Lyon finished his career having won two Melbourne best and fairest awards and being named in three All-Australian teams. His career ended as a result of increasing back problems. A broken leg, footage of which was often played on The AFL Footy Show, ended his 1987 season. In the end, he finished with 226 VFL/AFL games and 426 goals in 1999, giving him the fourth-best all-time goal tally for a Melbourne player.

State of Origin
Lyon had a successful State of Origin career for Victoria, first being selected in 1988 against Western Australia. In 1989 he played in a famous game against South Australia, where Tony Lockett, Jason Dunstall and Dermott Brereton all played in the same forward line, performing well being named in the best players. In 1991, Lyon scored one goal against South Australia. He was selected again in 1992 against the same opposition. In 1993, he performed on the big stage in the State of Origin Carnival grand final against South Australia, kicking three goals and being named in the best players. In 1994, he was named Captain of Victoria, in what he has described as "a great honour". In 1995, he was named vice-captain against South Australia, scoring one goal. Lyon is a big supporter of Victoria and State of Origin and has said in reference to playing State of Origin that he "loved it". He is also a big supporter of State of Origin being reintroduced, and he has described training and playing with the best players in the game as a "dream come true" and "it took the experience of playing football to another level". He has said that the great players of today should be afforded the same honour.

Media career
Lyon's radio career began in the late 1990s on 3AW, and in 2004 he hosted Morning Glory on SEN 1116. In 2005, he returned to 3AW, and he appeared on Sports Today as well as providing special comments for the station's AFL coverage. In 2007, Lyon moved to Triple M where he provided special comments on Friday Night and Saturday afternoon matches until the end of 2015.
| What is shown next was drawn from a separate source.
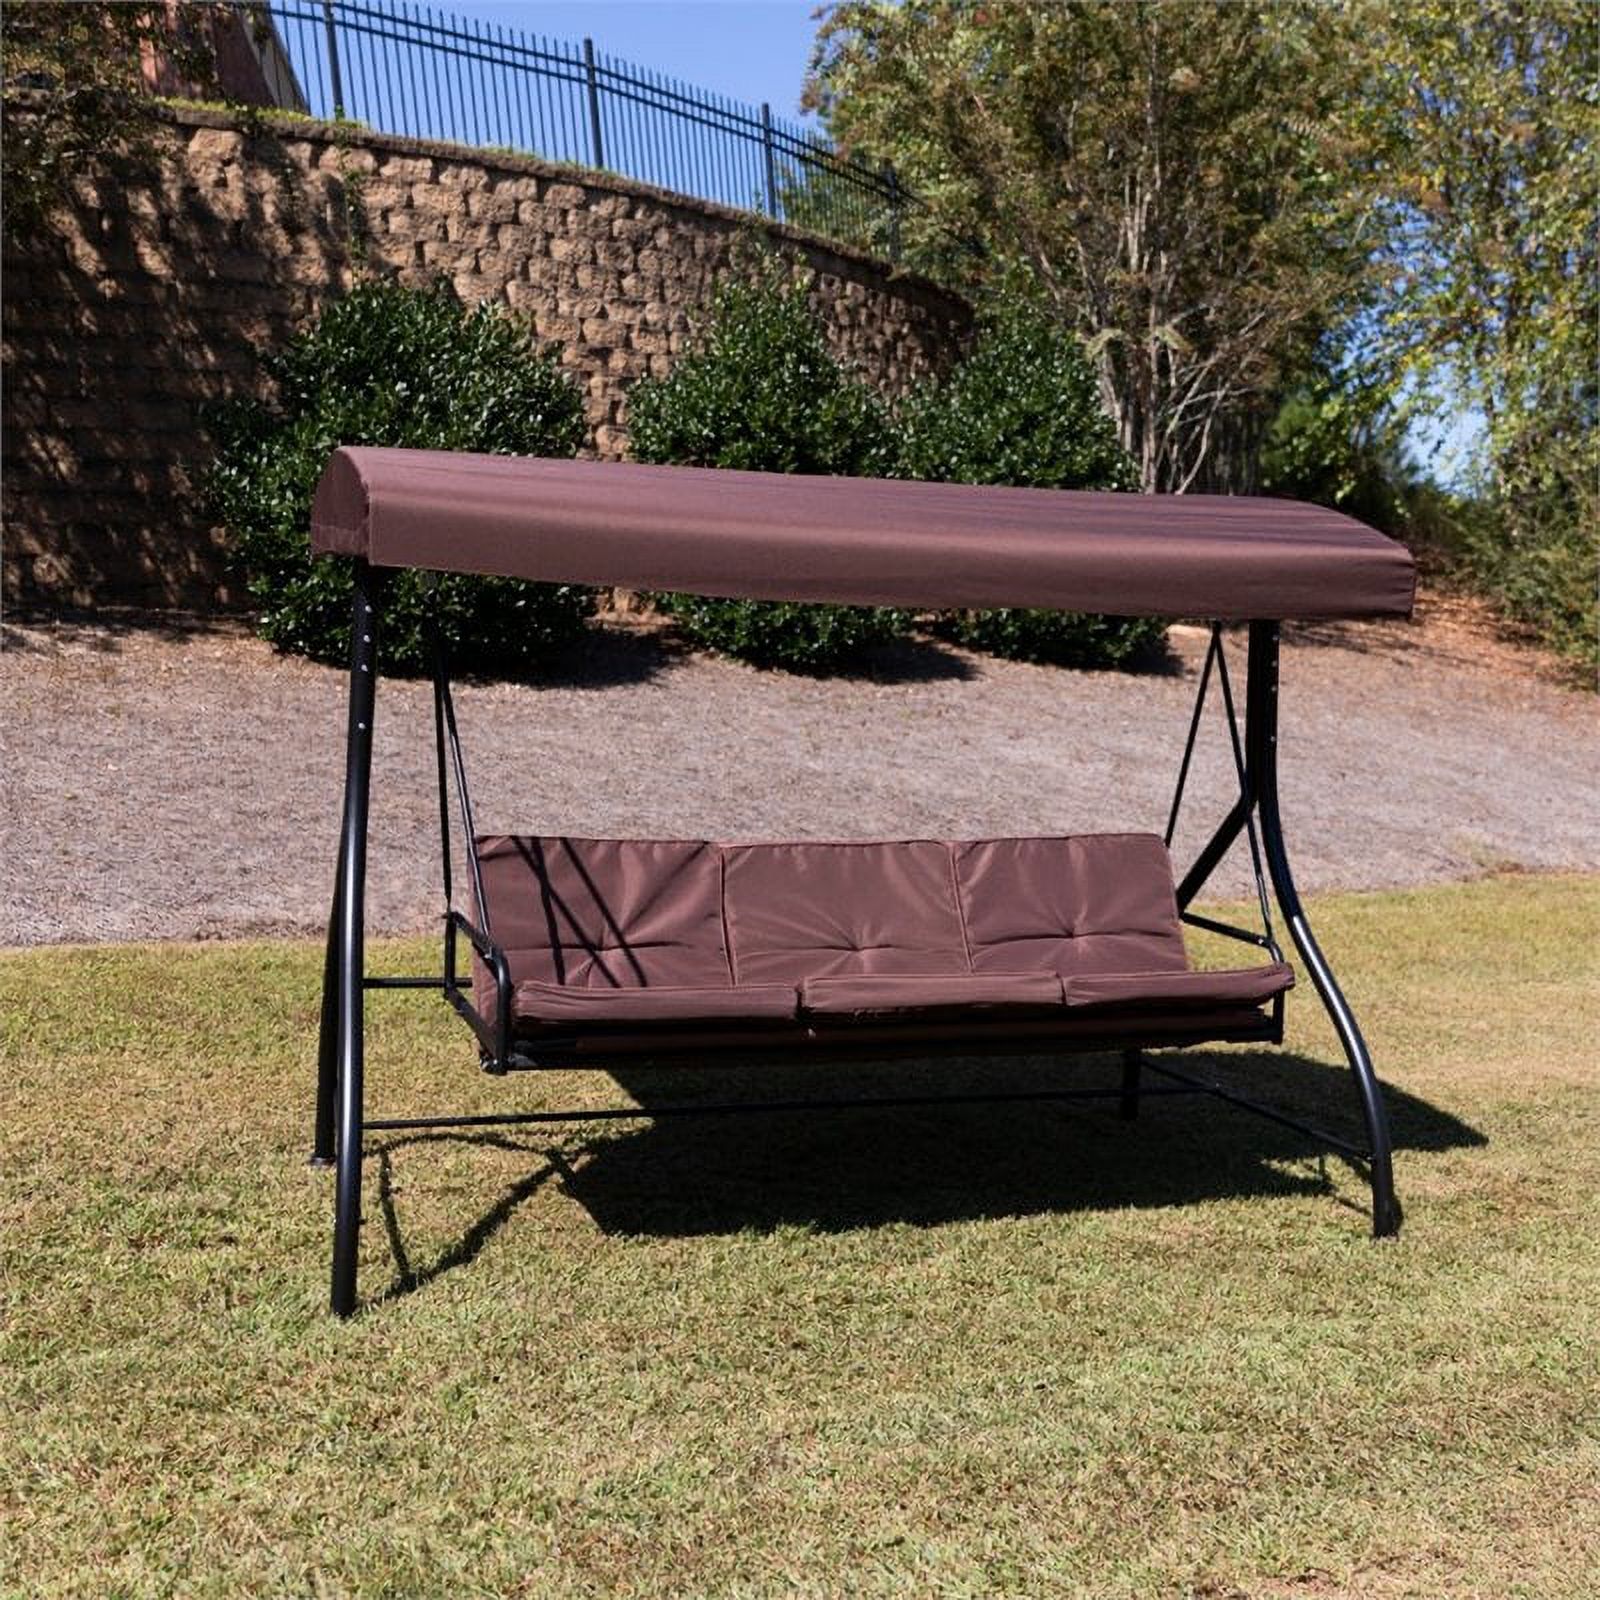 Afuera Living 3 Seat Patio Convertible Patio Swing and Hammock in Brown - image 2 of 12

Lyon became a regular panelist on The AFL Footy Show late in his playing career. In 2006, alongside James Brayshaw, he took the hosting reins of the program after Eddie McGuire became CEO of the Nine Network. Previously he had worked alongside Brayshaw on The Sunday Footy Show and in 2005 on Any Given Sunday, as well as being a presenter of the Melbourne Commonwealth Games 2006 coverage on Nine. In 2007 he became a panelist on the program Footy Classified.

Lyon is a columnist for The Age newspaper and has co-authored children's books, including those in the Specky Magee series with Felice Arena. 

In 2017, Lyon returned to SEN to co-host it’s breakfast program with Tim Watson. Later that year, Lyon ended his long association with the Nine Network to join Fox Footy as a commentator and panelist on On The Couch. In 2022, Lyon commenced hosting On The Couch in addition to Friday Night Football for the station.

Following the Melbourne premiership win, Lyon had the honour of presenting the 2021 AFL premiership cup to captain Max Gawn and coach Simon Goodwin in Perth following the Demons winning their first flag in 57 years.

Coaching
Since his retirement, Lyon has dabbled in coaching. He has coached the Australian international rules football team, debuting in 2001, and he remained coach for four successive seasons before being replaced by Kevin Sheedy. His International rules record is two wins from four games.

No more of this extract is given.